__Exercise goal__.
Go through the listing that follows and write it out exactly. Drop the pictures.

__Source data__.
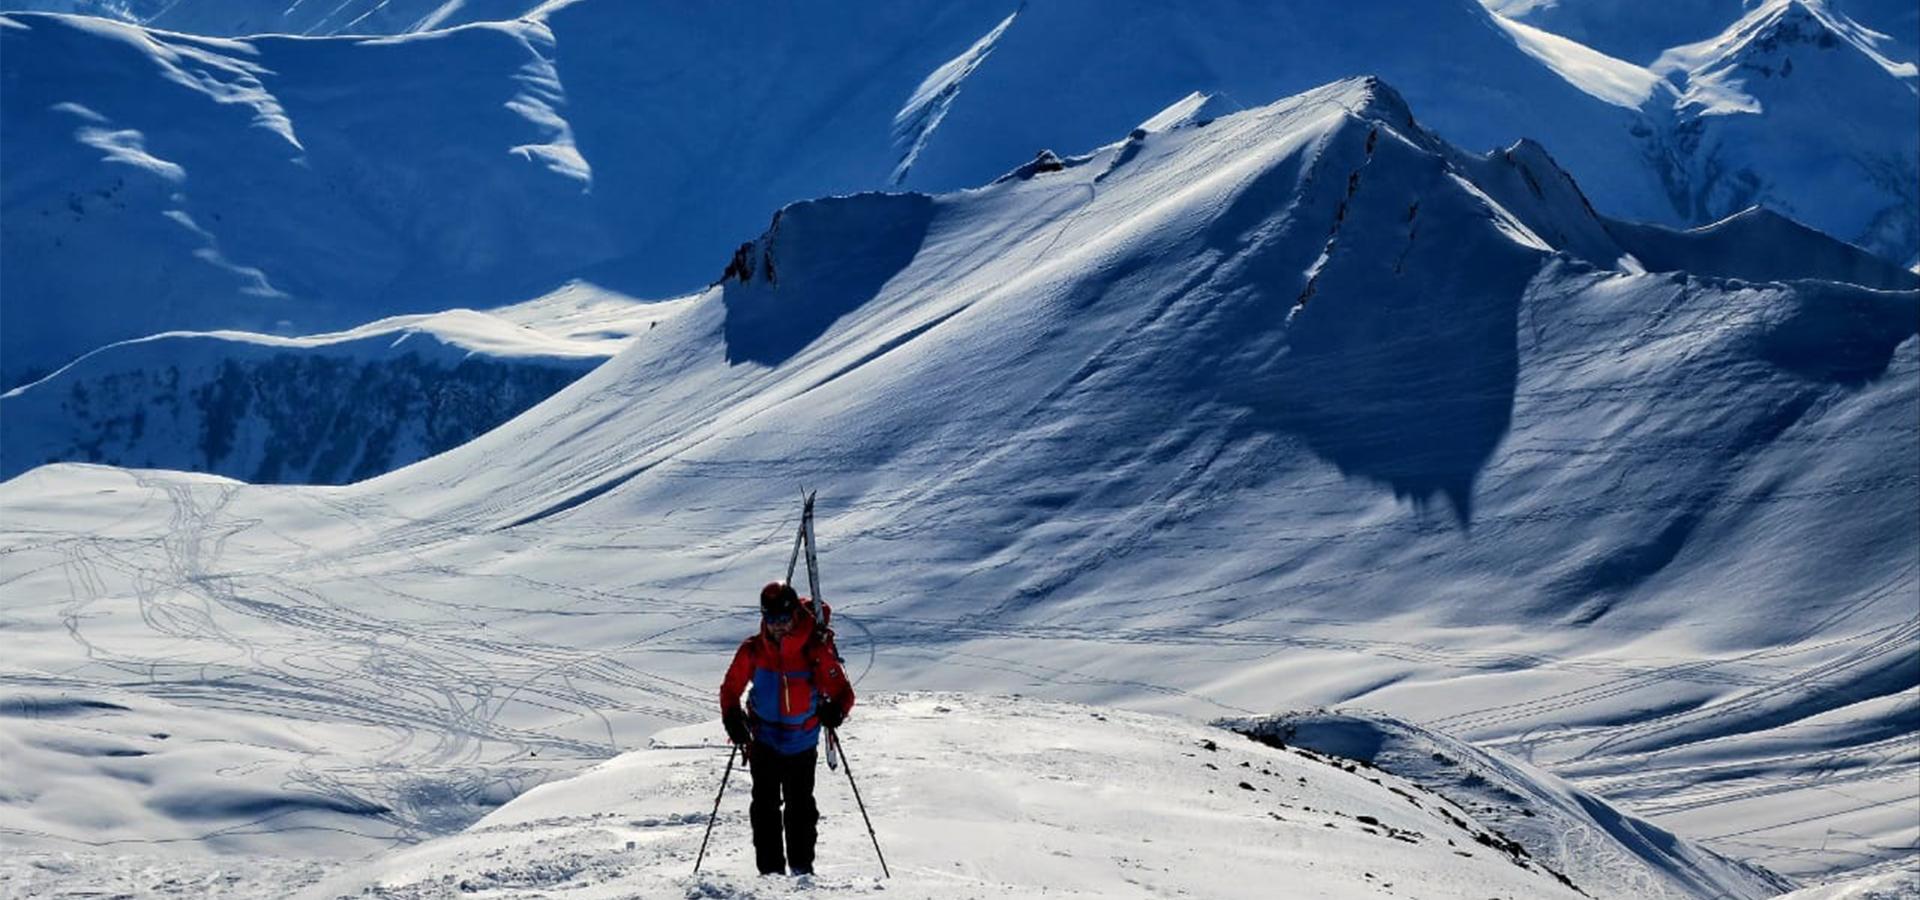 Image Credits George Saado - Skitouring in georgia
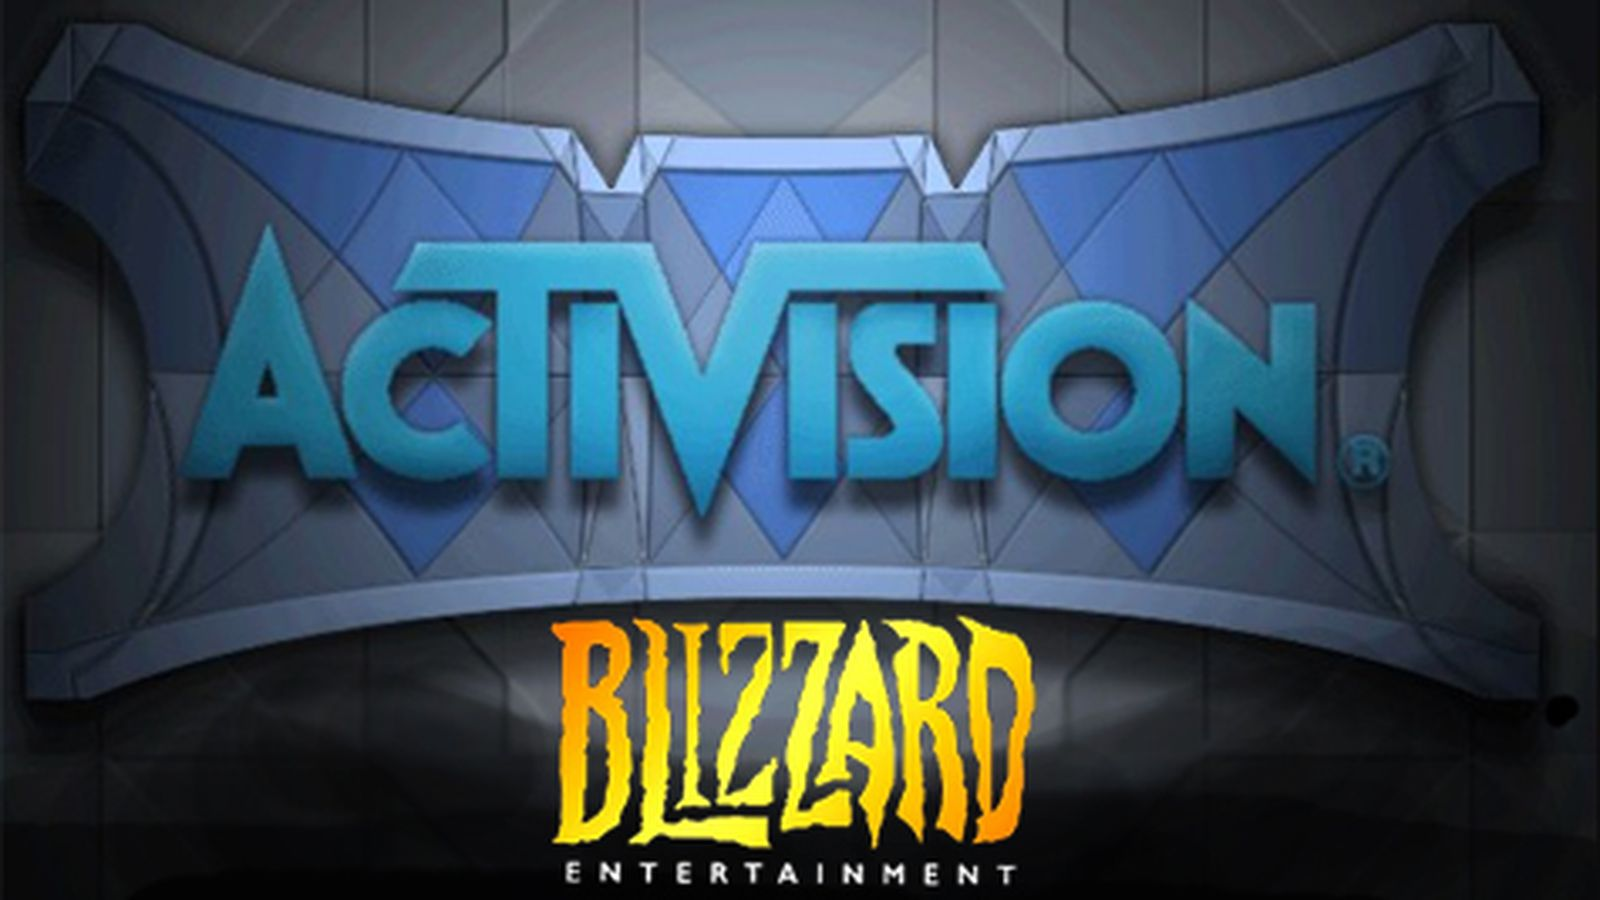 Activision Blizzard Stock
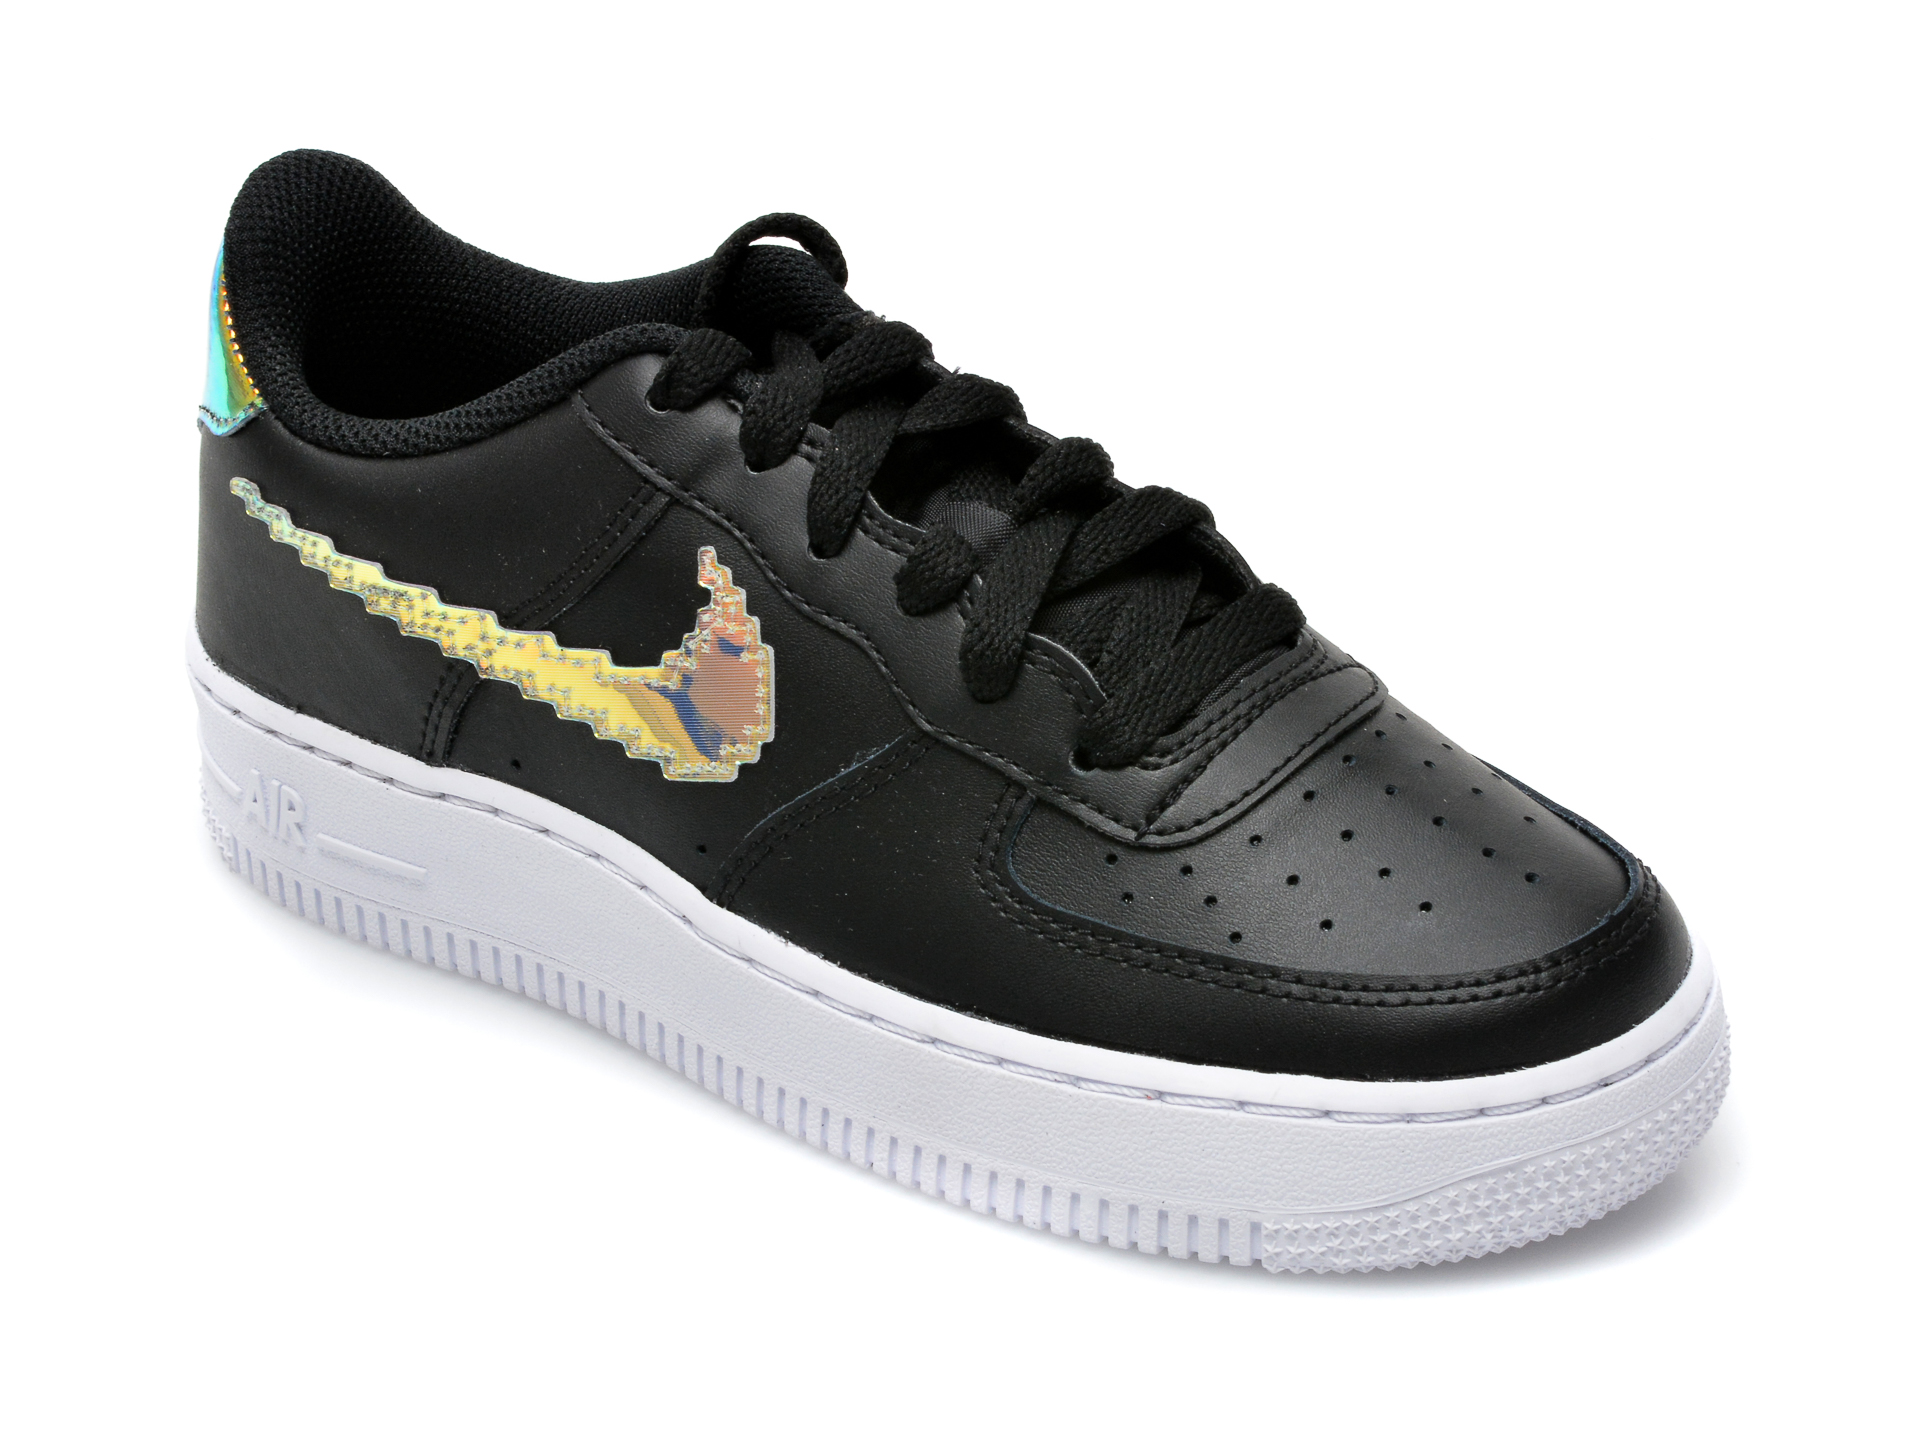 Pantofi sport NIKE negri, AIR FORCE 1 LV8 (GS), din piele naturala

__Answer section__.
 Image Credits George Saado - Skitouring in georgia
 Activision Blizzard Stock
 Pantofi sport NIKE negri, AIR FORCE 1 LV8 (GS), din piele naturala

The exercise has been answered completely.